Tech Stocks Appear to Be a Haven From the Banking Crisis, for Now

Dow Jones2023-03-16

Technology stocks have remained relatively insulated from the turmoil rattling financial markets. How long that lasts is anyone's guess.

The tech and communication services groups in the S&P 500 -- home to the likes of Apple Inc., Microsoft Corp. and the parent companies of Facebook and Google -- have climbed 2.3% and 2.9%, respectively, in March, extending their 2023 gains.

The sectors have been bright spots in a stock market battered by worries about the health of the financial system. A sharp drop in bank stocks has dragged the S&P 500 down 2% this month, trimming its gains for the year to 1.4%. The only other segments in the green for March are utilities and consumer staples.

The rise in tech stocks has coincided with a plunge in government bond yields and hopes that the Federal Reserve is nearing the end of its campaign raising interest rates. Among the biggest gainers in March are Facebook parent Meta Platforms Inc., which has jumped 13%; Salesforce Inc., which has surged 12%; and networking-equipment provider Arista Networks Inc., which has climbed 11%.

Tech stocks were clobbered last year when the central bank began its tightening campaign and the market environment turned to favor investments that generated immediate cash for the holder. Low yields, on the other hand, make many investors willing to pay more for shares of tech companies that they expect to churn out outsize profits in the future.

The yield on the 10-year Treasury note, which affects everything from auto and student loans to mortgage debt, has dropped below 3.5% from above 4% in early March. Monday's yield decline on the two-year note, which is particularly sensitive to investors' interest rate expectations, was the sharpest since Black Monday in 1987.

And in the derivatives market, investors say it is a tossup whether the Fed will raise interest rates by a quarter-point next week or hold them steady. Some traders are again calling for the central bank to cut rates later this year.

"The writing on the wall is that between the stress on the banking sector and some other economic data out there, we're getting to the end point here with respect to interest rate hikes," said Don Calcagni, chief investment officer of Mercer Advisors.

The bounce in tech stocks is surprising to some investors, given the spillover risks from the collapse of Silicon Valley Bank, a big lender to venture capitalists and technology startups. The failure of the bank, which underwent a run on deposits, was the second-biggest in U.S. history. Signature Bank and Silvergate Capital Corp., both players in the cryptocurrency industry, also failed in recent days. The crisis in confidence crossed the Atlantic on Wednesday when Credit Suisse Group AG shares plumbed new lows.

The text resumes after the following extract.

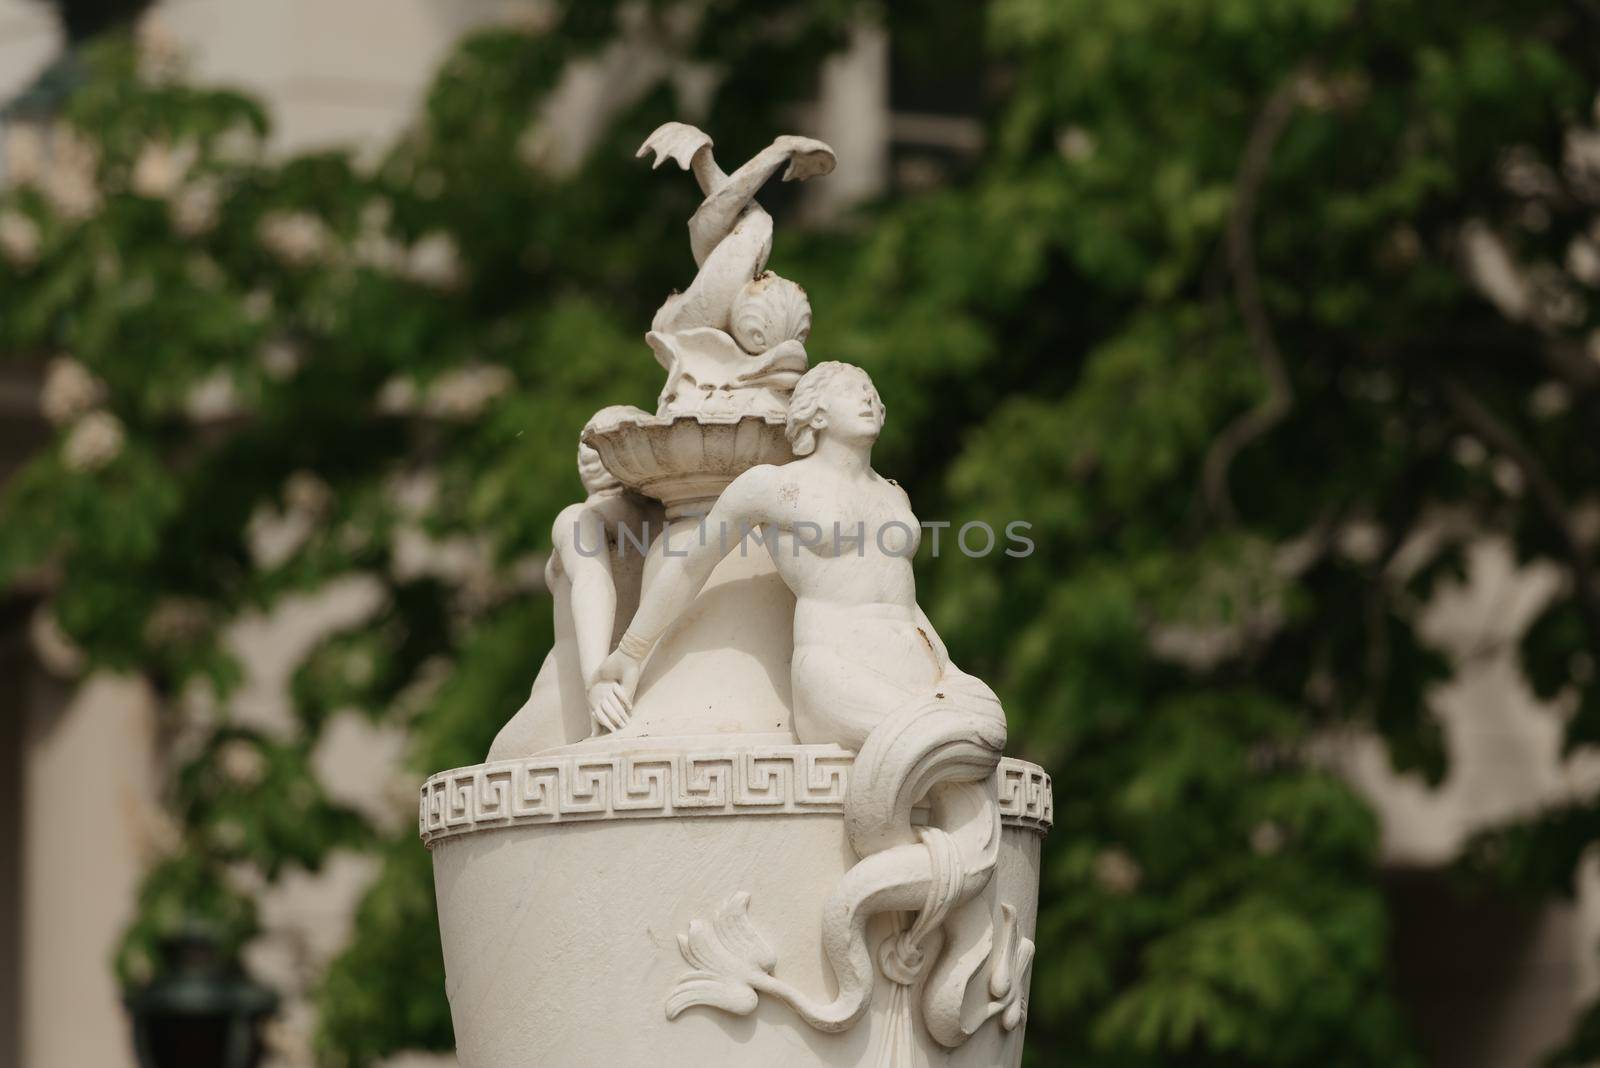 Warsaw, Poland - MAY 12, 2022: A head of the old outdoor vase with sculptures in Royal Baths Park, Lazienki Park

Sylvia Jablonski, chief investment officer at Defiance ETFs, said she isn't surprised by investors' renewed appetite for tech stocks, given how badly they were battered last year. The tech and communication services groups fell about 30% and 40% in 2022, respectively, compared with a roughly 20% drop for the S&P 500.

"Do they deserve to be down that much? Probably not," she said.

Within the tech sector, semiconductor stocks have been among the biggest winners of late, partly because of the reopening of China's economy. Intel Corp. and Advanced Micro Devices Inc. have added 14% this month.

The turmoil in the banking sector has increased the chances of an economic downturn, and some investors say that bolsters the case for holding tech stocks. Jason Pride, chief investment officer of private wealth at Glenmede, said he sees tech as one of the few areas of the market with the potential to post growth during a recession.

"Technology stocks tend to have more stable businesses and more downside protection during more difficult times," said Mr. Pride, who added that he is still cautious on the segment because valuations remain elevated, leaving the group vulnerable to further declines.

The tech sector is trading at about 22.5 times its expected earnings over the next 12 months, and the communication services sector trades at around 15.4 times earnings. In comparison, the S&P 500's multiple is roughly 17.3.

It is difficult to make any longer-term predictions about the market's trajectory because investors don't yet fully understand how the crisis in the banking sector will unfold, how quickly inflation will ease or how the Fed will respond, Mr. Calcagni of Mercer Advisors said.

"We still don't know if there is another shoe to drop," he said. "It's very conceivable that the gains we've seen in tech, we give those back. There's so much stress and so much concern in the market."